- [Exercise objective]
Go through the records and copy each line where the string "Caucasian" occurs.

[Records from a data source]
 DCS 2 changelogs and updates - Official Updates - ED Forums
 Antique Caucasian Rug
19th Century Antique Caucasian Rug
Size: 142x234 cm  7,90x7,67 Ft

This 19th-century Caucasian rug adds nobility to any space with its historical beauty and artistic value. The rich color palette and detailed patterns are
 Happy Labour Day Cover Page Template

- [Written reply]
 Antique Caucasian Rug
19th Century Antique Caucasian Rug
This 19th-century Caucasian rug adds nobility to any space with its historical beauty and artistic value. The rich color palette and detailed patterns are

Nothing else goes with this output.